Data excerpt
↓↓↓

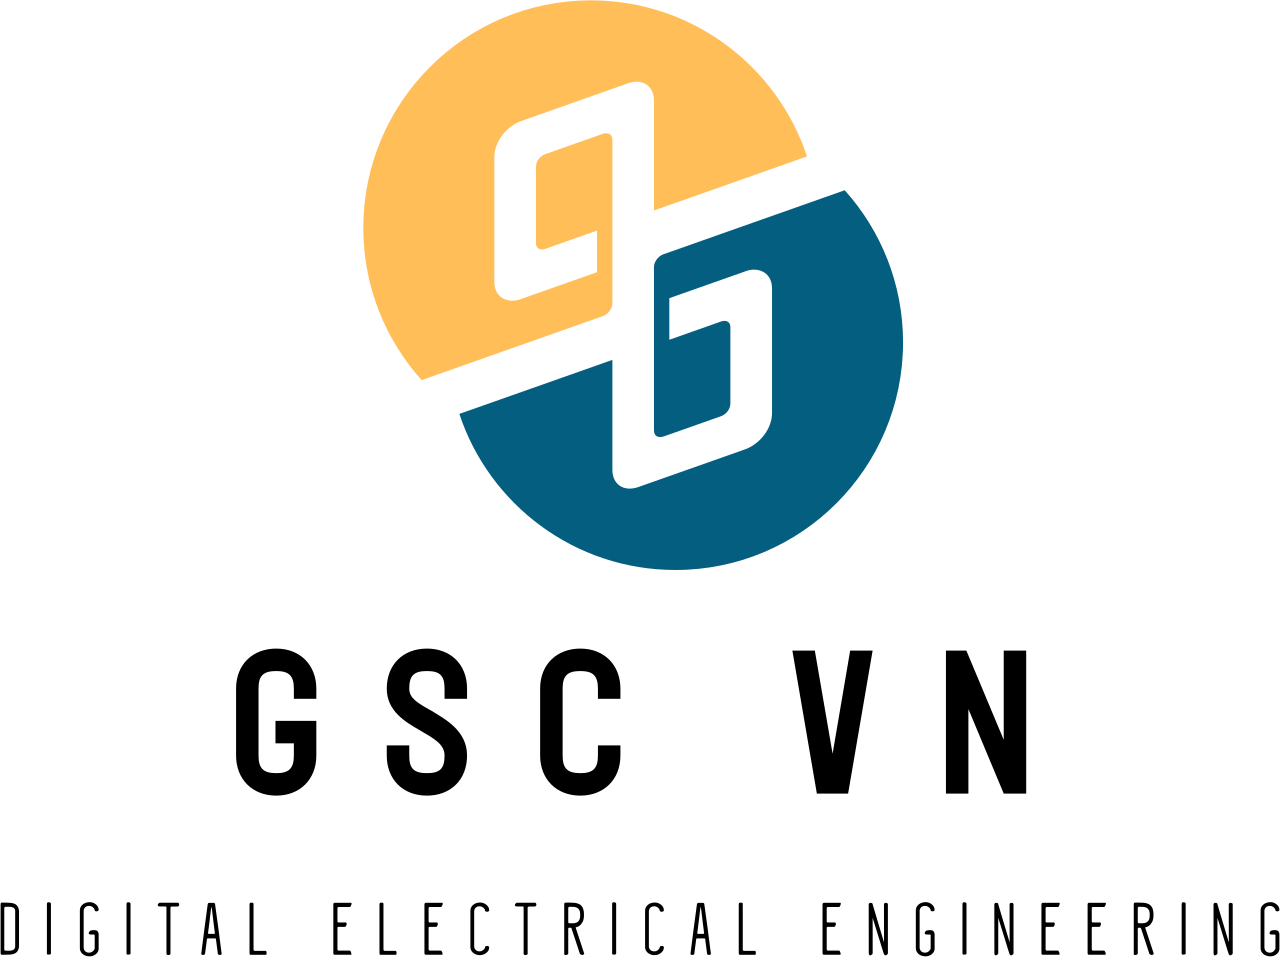 GSC Vn's logo
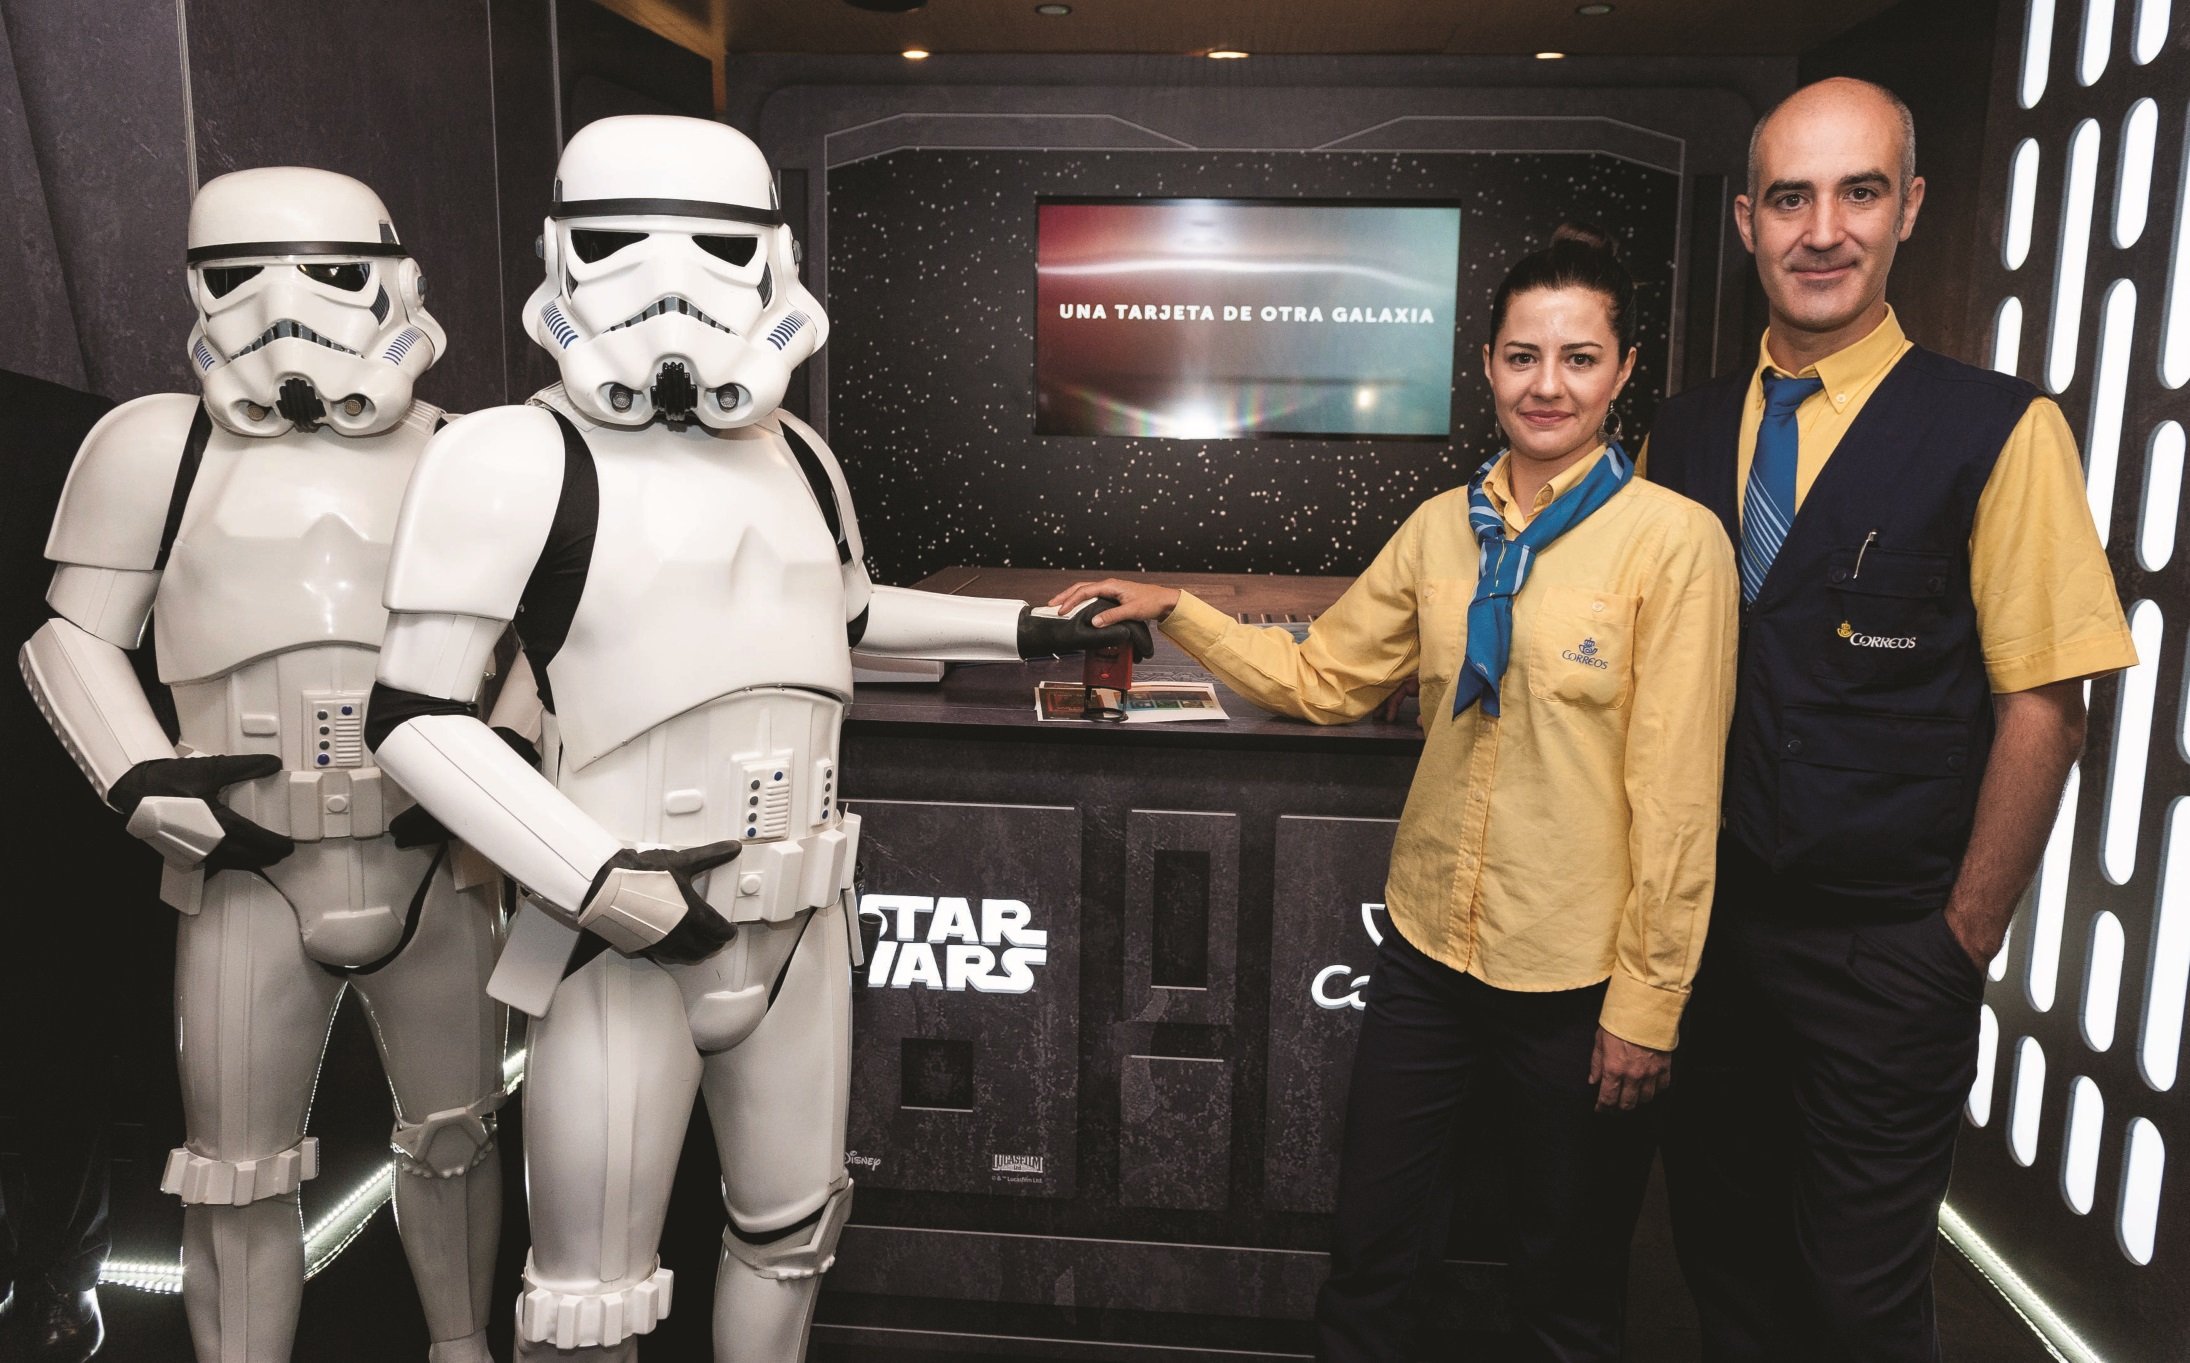 Correos presenta un sello en honor a 'Star Wars'
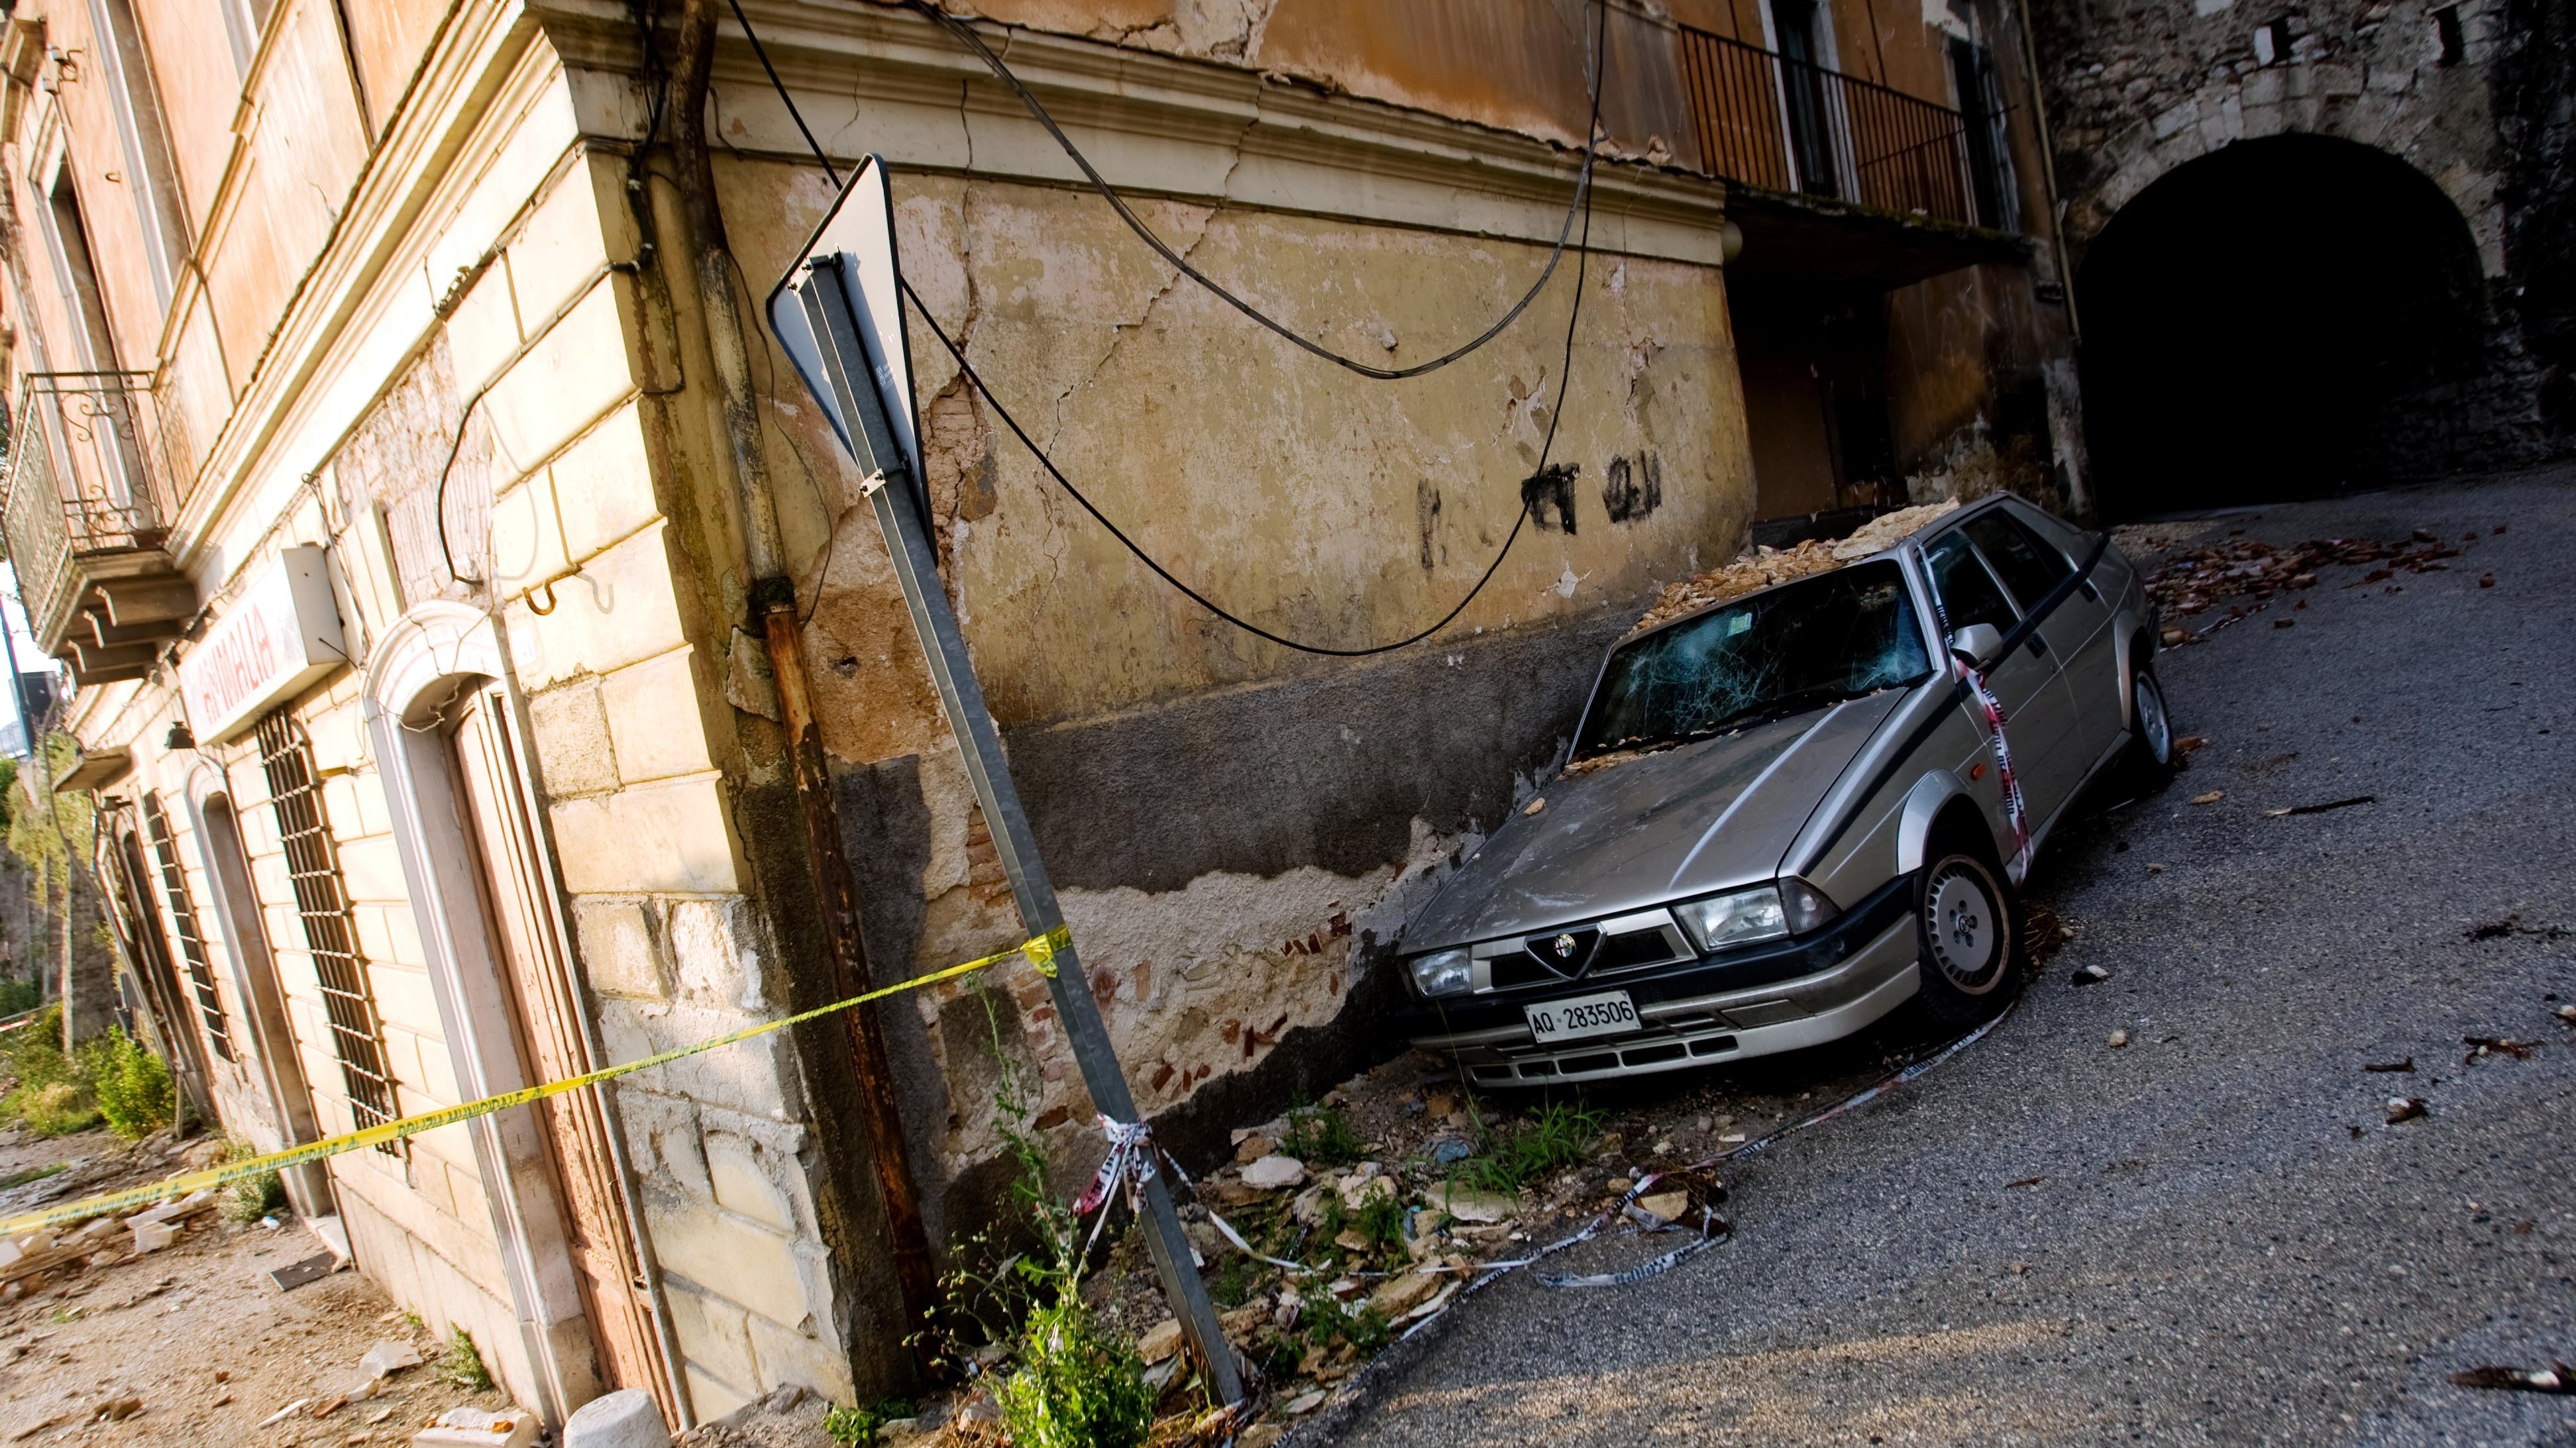 Taliansko sa spamätáva už z tretieho zemetrasenia, ktoré ovplyvnilo aj miestny cestovný ruch.

↑↑↑

Problem details
Type out the data above once more, exactly, with no images included.

Reply to the exercise
 GSC Vn's logo
 Correos presenta un sello en honor a 'Star Wars'
 Taliansko sa spamätáva už z tretieho zemetrasenia, ktoré ovplyvnilo aj miestny cestovný ruch.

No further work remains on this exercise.